Constant energy per instruction, per uop or per cycle?
I'm doing a research study in response to papers such ascseweb.ucsd.edu/users/swanson/papers/Asplos2010CCores.pdf, to determine whether the energy-intensive code in real-world applications and games is as stable as in the benchmarks and utilities they've studied. (My opinion is probably not.)
To determine which code is energy-intensive, I'm doing some profiling with VTune on my Core i7 2600K. (To determine how stable it is, I'm combining with gcov and svn blame to get the average age of each line of code executed.)
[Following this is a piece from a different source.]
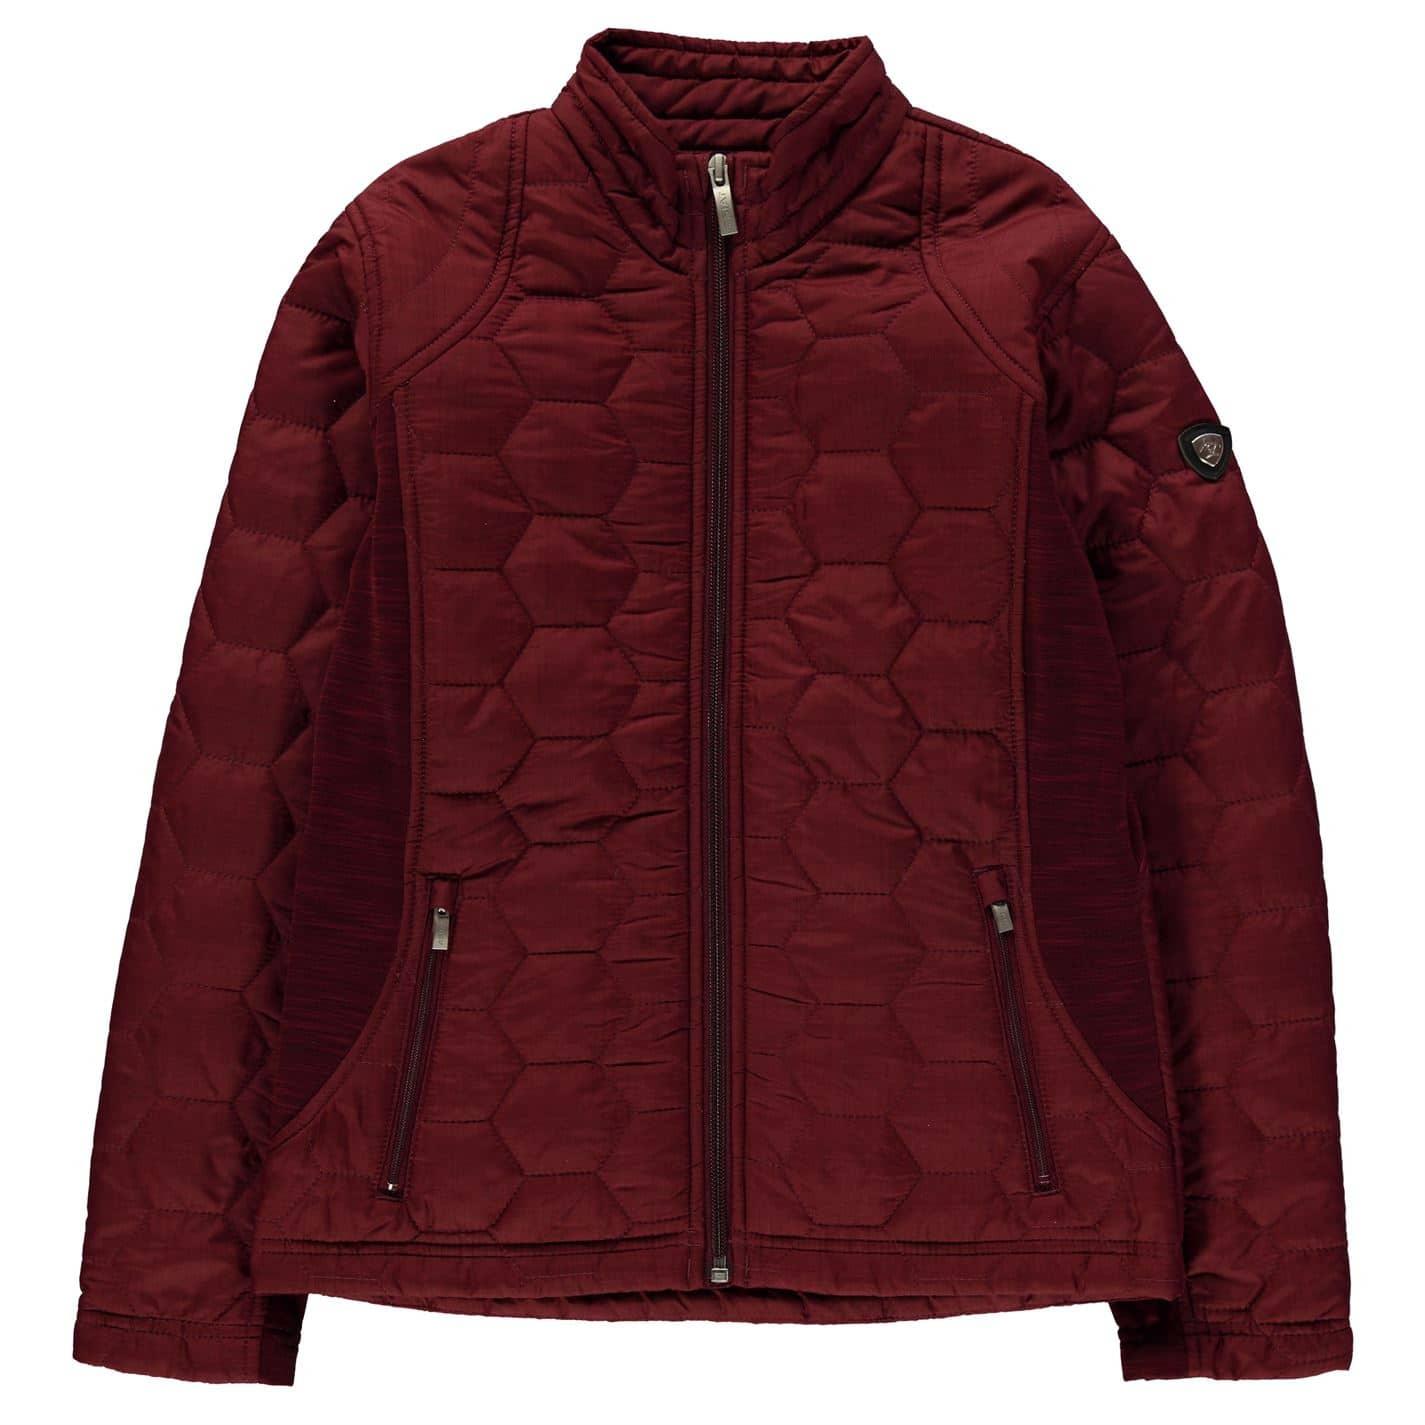 Ariat Junior Volt Jacket

Among those that can be measured at the function level, which hardware event is safest to assume constant energy for, if clock speed is held constant? (I'm not counting the idle-power baseline or cache/memory/I/O access, since C-cores wouldn't do anything about those anyway.) Constant per instruction? Per cycle? Per uop? A linear combination of multiple metrics?
Also, I'm thinking I'll probably have to use Callgrind instruction counts to model 64-bit x86s (Intel or not) that aren't similar enough to Sandy Bridge, since I don't have any other CPUs to profile on. Is there a better way to model them in Vtune?
EDIT: I'm on Linux, so integrating the Intel Energy Checker SDK with Vtune isn't an option according to the former's FAQ.